(EETimes) Physicists at Massachusetts Institute of Technology recently revealed they have built an atomic clock that measures not a cloud of randomly oscillating atoms, as the best designs now measure, but instead atoms that have been quantumly entangled. This opens the door to a whole new world of quantum physics.
As for GNSS location technology, several U.K. companies and universities have teamed to make atomic clocks more accessible and practical via improved accuracy and miniaturization.
Leading the effort is Kelvin Nanotechnology of Glasgow, Scotland, a specialist in advanced photonics and quantum components. The effort also includes WideBlue, another Glasgow-based design specialist, along with researchers from the universities of Birmingham and Strathclyde.
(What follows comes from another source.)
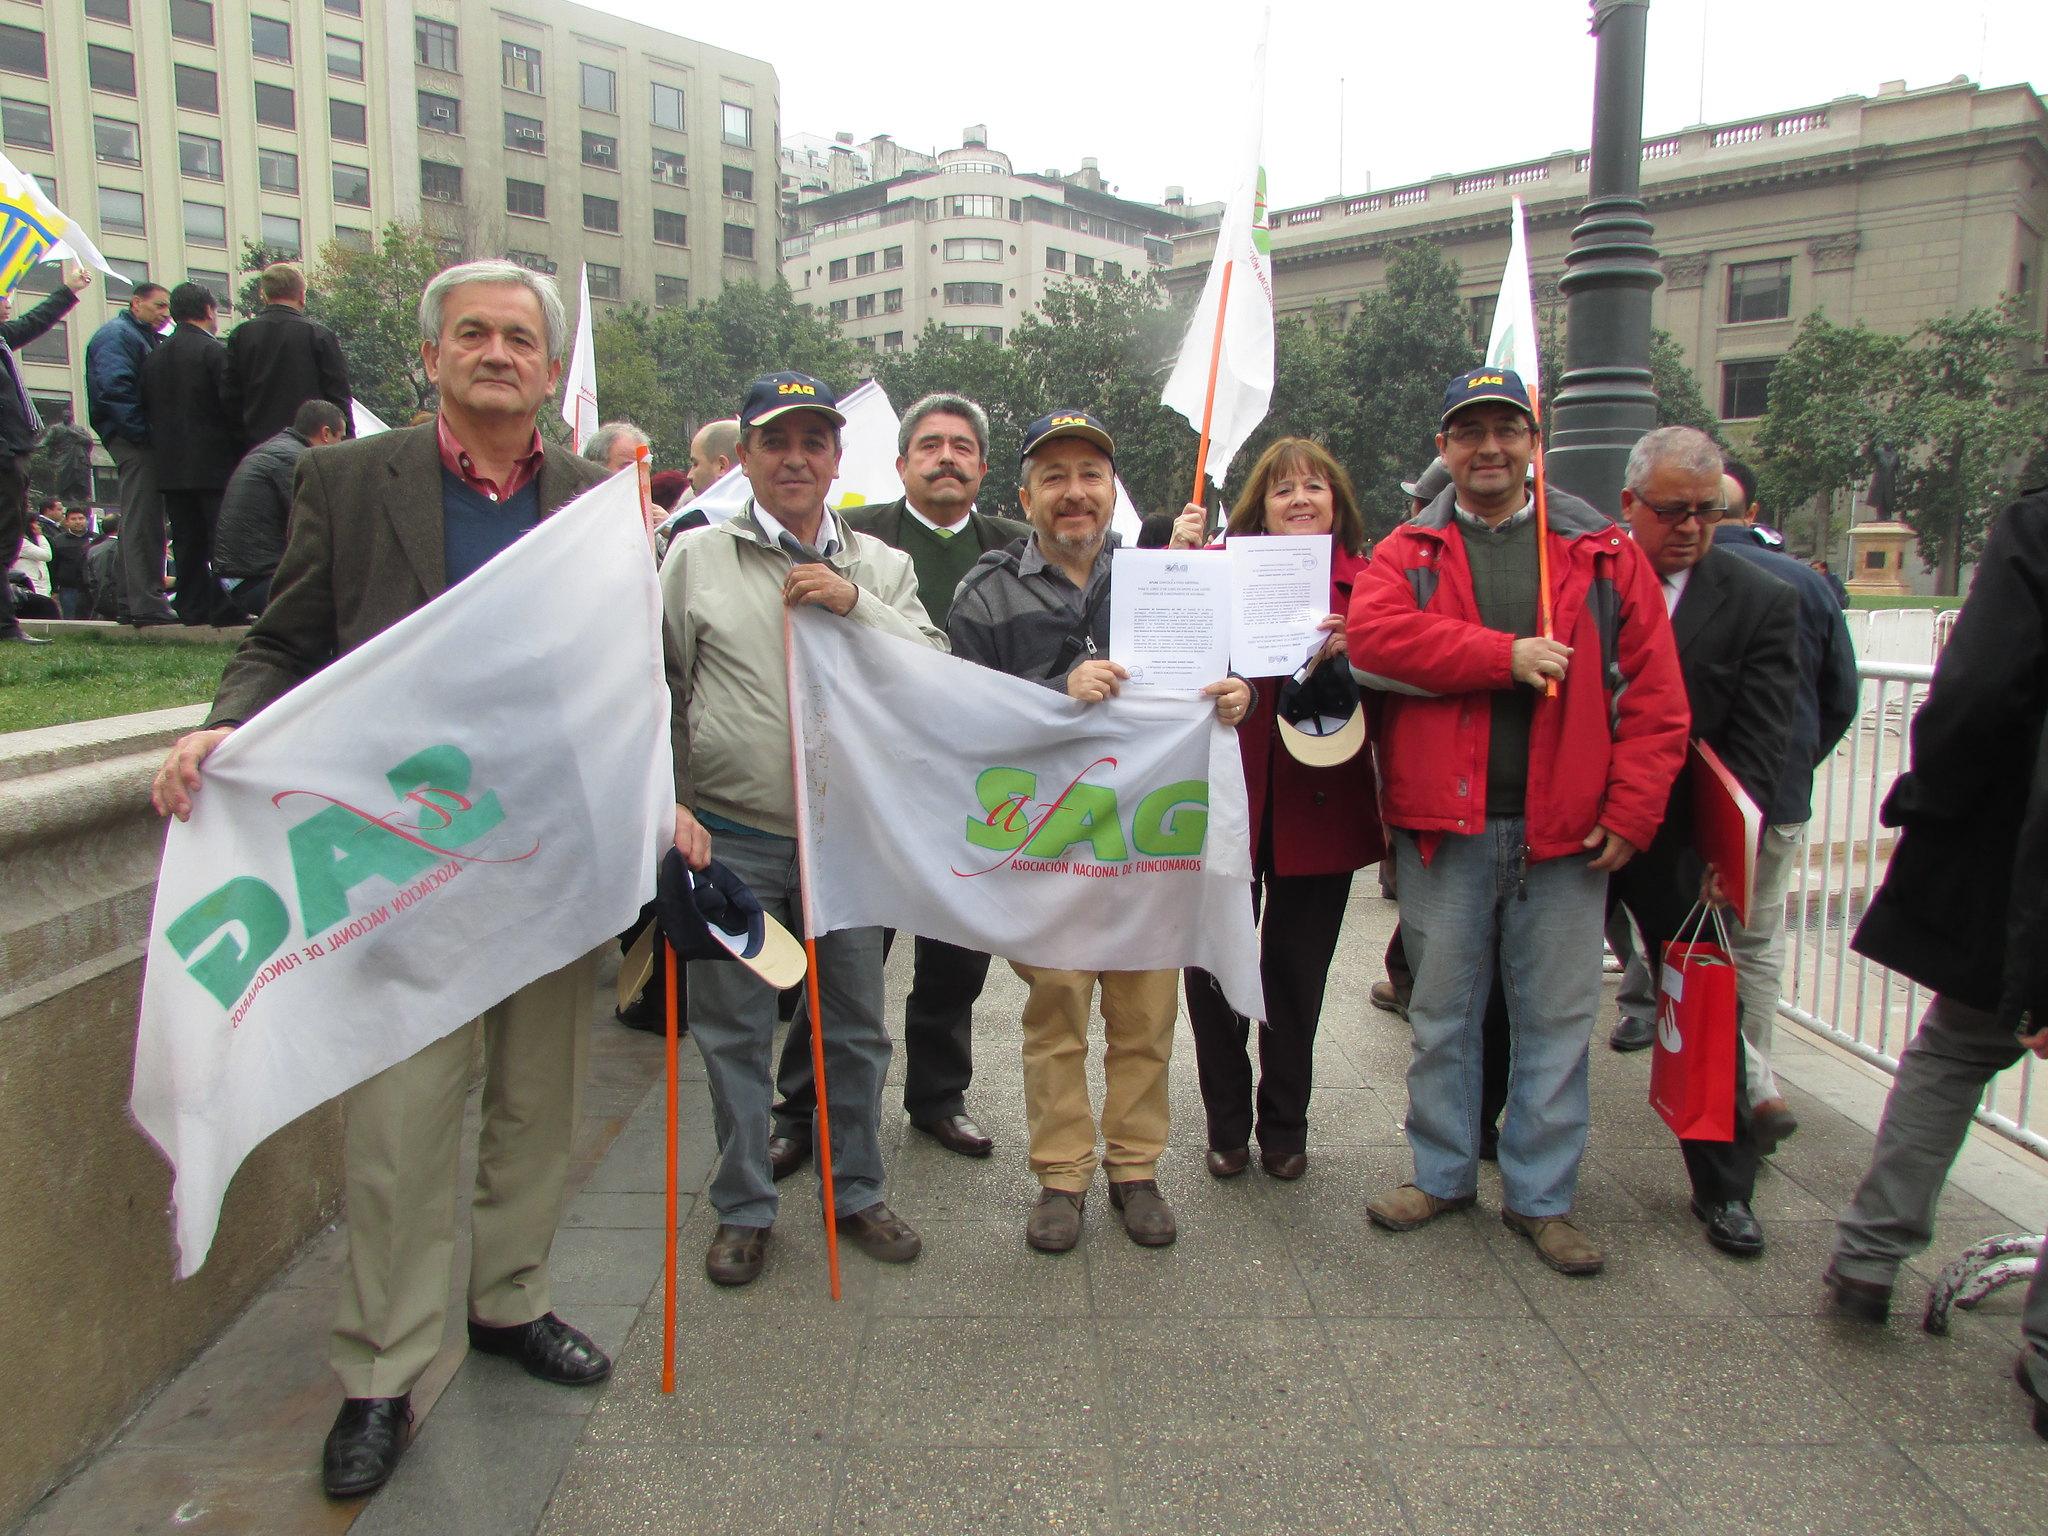 AFSAG ratifica Paro Nacional a partir del 1° de Junio en acto en Palza de la Constitución - 28 Mayo 2015

Kelvin Nanotechnology will make the grating MOTs (magneto-optical traps) and compact collimation optics designed by WideBlue. The University of Strathclyde will design the gMOT chip, and its counterpart in Birmingham is responsible for testing the prototype optical system.
The collaboration focuses on the scaling an atomic clock by “reducing the optical constraints into scalable micro-fabricated components as a critical step to bringing laboratory performance out into real-world applications,” said James McGilligan, senior research associate for the project at Kelvin Nanotechnology.
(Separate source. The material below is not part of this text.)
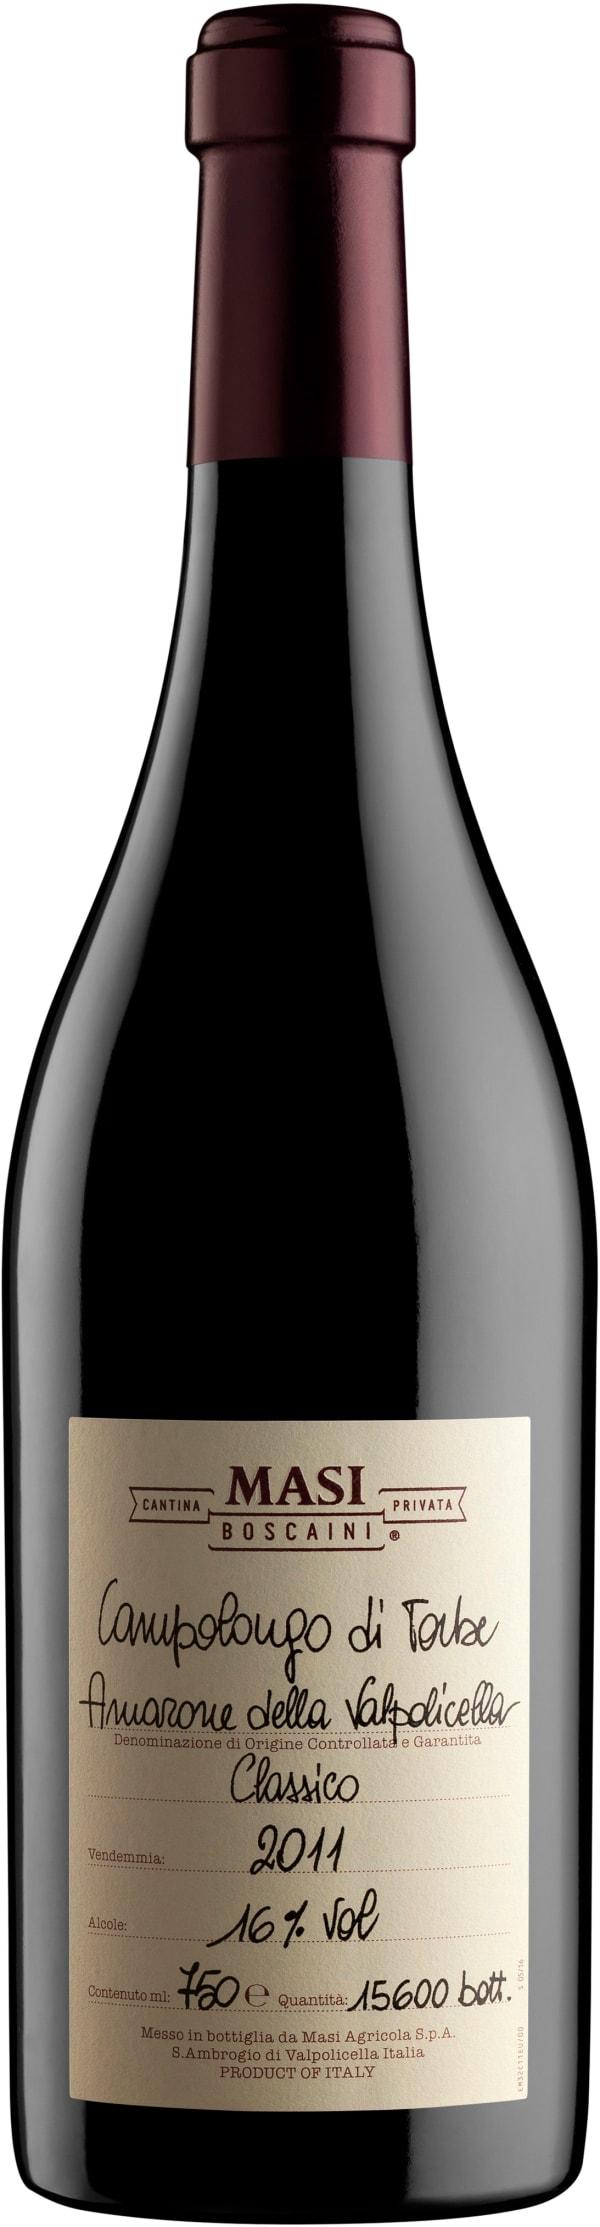 Masi Campolongo di Torbe Amarone della Valpolicella Classico 2011

The project is scheduled to last about 18 months. “While atomic clocks are already remarkably accurate, we are focusing on advanced micro-fabrication techniques and improvements in laser cooling optics to bring about significant reductions in the size and weight of the next generation of portable atomic clocks,” McGilliagan said.
David Burt, business development manager at Kelvin Nanotechnology, said weight considerations remain the focus atomic clocks used in satellite navigation systems, Still, “we see many commercial opportunities in other sectors, including defense, undersea oil and mineral exploration.”
According to Paul Griffin of Strathclyde’s physics department and the university’s lead researcher, the project is “tackling head-on the difficult problem of taking research-grade technology from the laboratory and into practical and scalable quantum devices.”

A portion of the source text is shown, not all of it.